**Activity:** Exact reproduction is required for the lines below starting at the line with "Maria Lucia Ionata" and ending at the line with "Chinesischer Künstler des", both included. No other lines, and no pictures.

Extracted data Start Marker

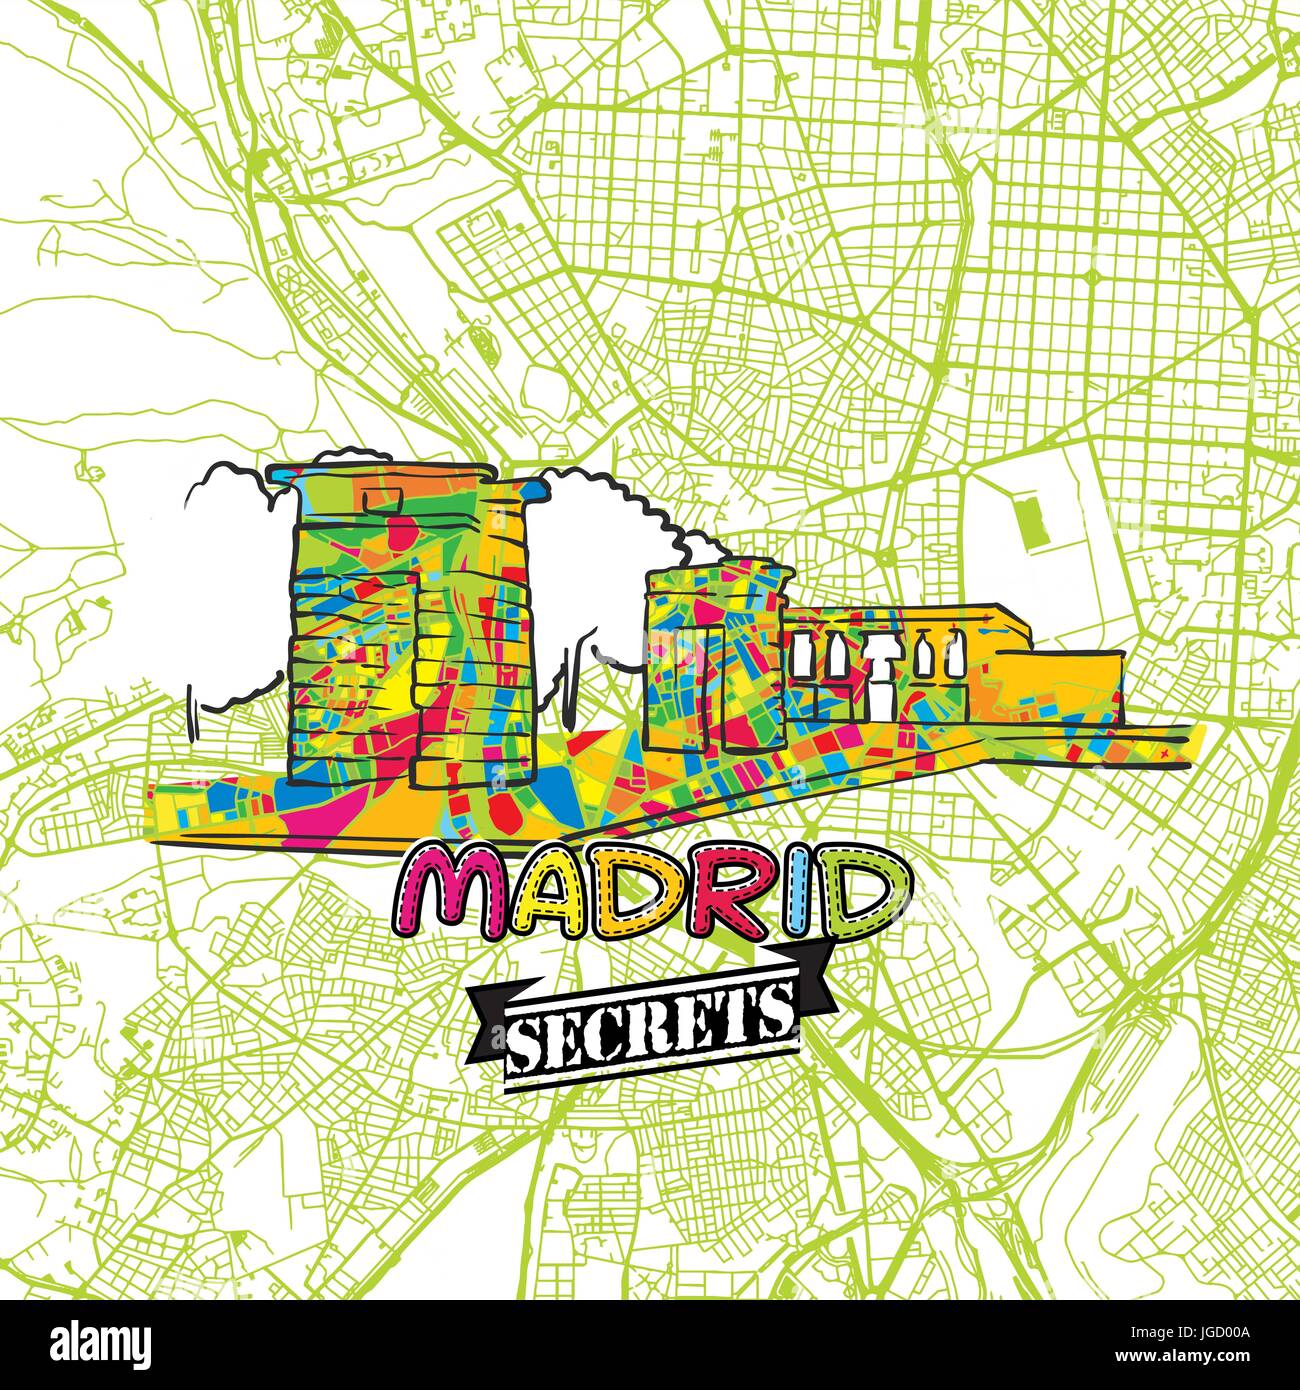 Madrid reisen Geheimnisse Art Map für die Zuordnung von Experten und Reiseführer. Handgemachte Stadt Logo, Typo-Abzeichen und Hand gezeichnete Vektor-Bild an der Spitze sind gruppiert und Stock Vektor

Extracted data End Marker
Extracted data Start Marker

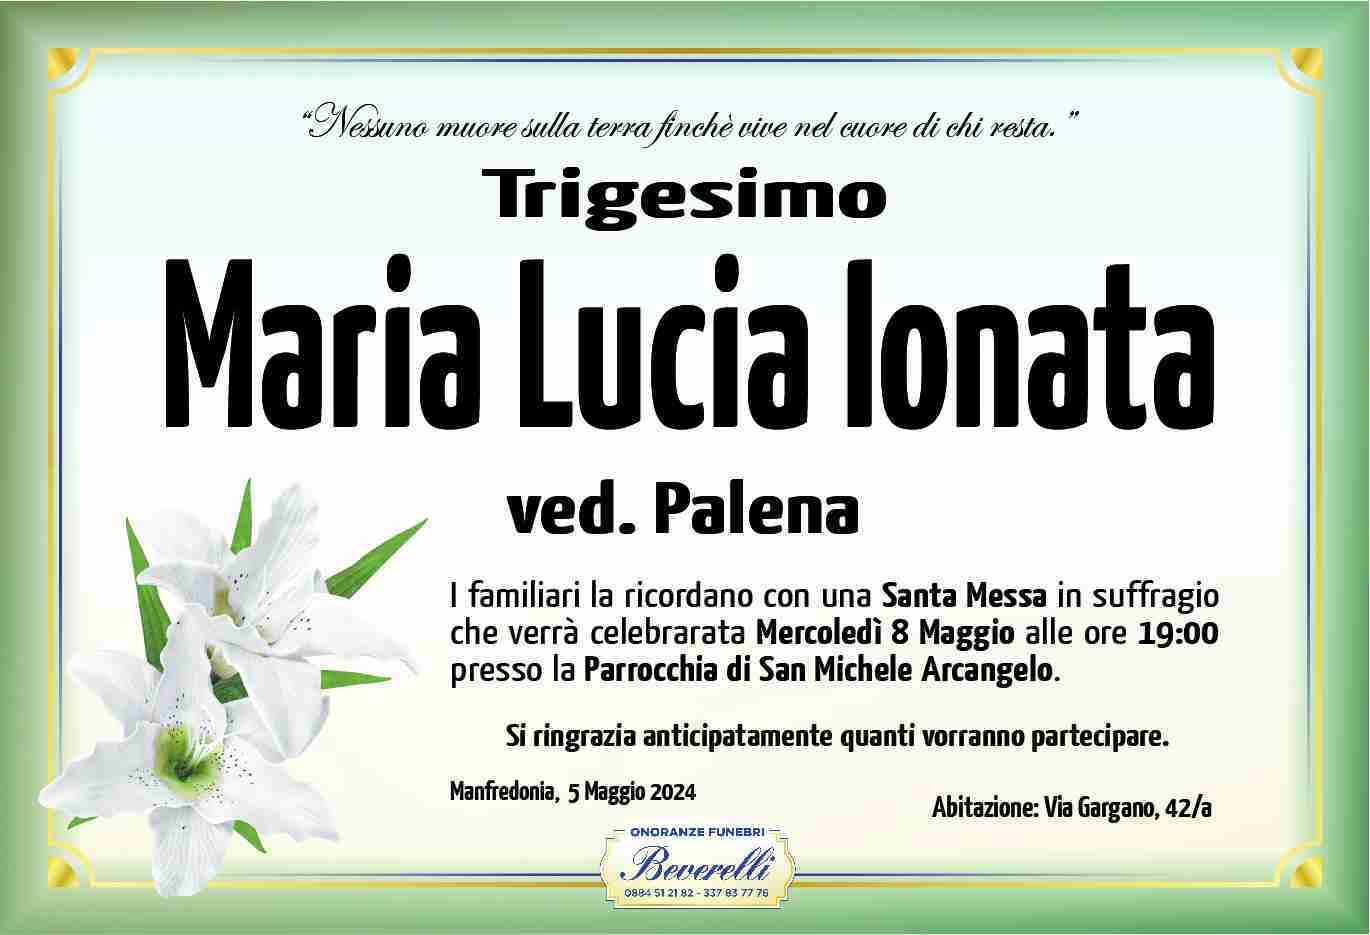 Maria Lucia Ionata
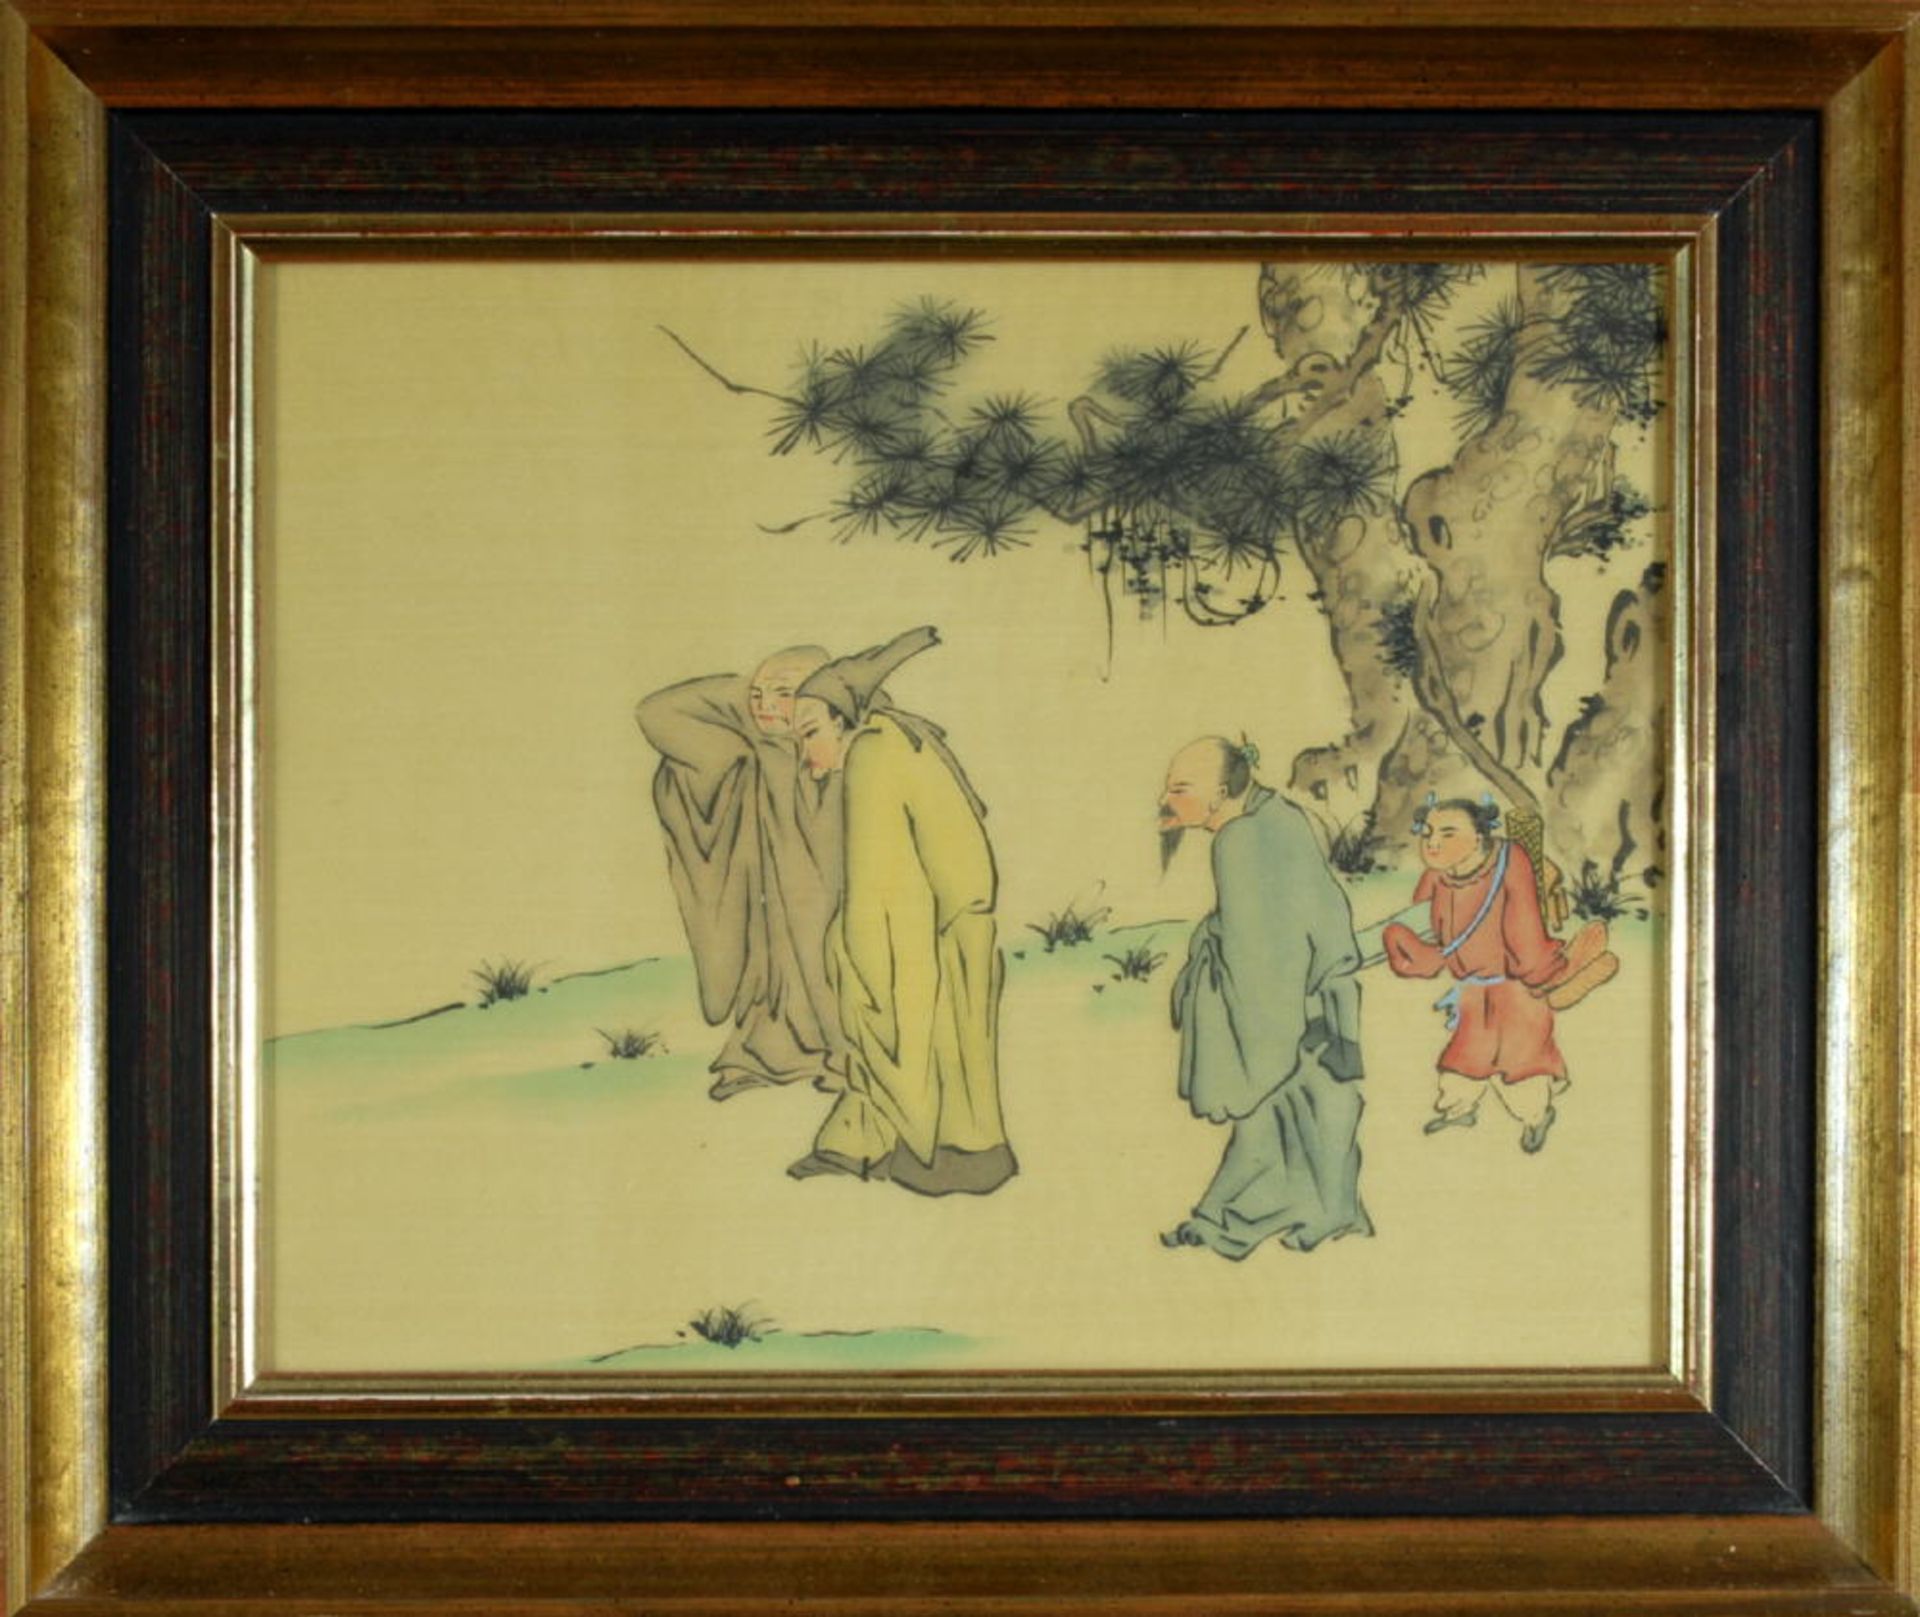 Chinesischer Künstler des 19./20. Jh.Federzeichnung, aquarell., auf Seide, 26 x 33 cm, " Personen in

Extracted data End Marker

**Result of this exercise:**
 Maria Lucia Ionata
 Chinesischer Künstler des 19./20. Jh.Federzeichnung, aquarell., auf Seide, 26 x 33 cm, " Personen in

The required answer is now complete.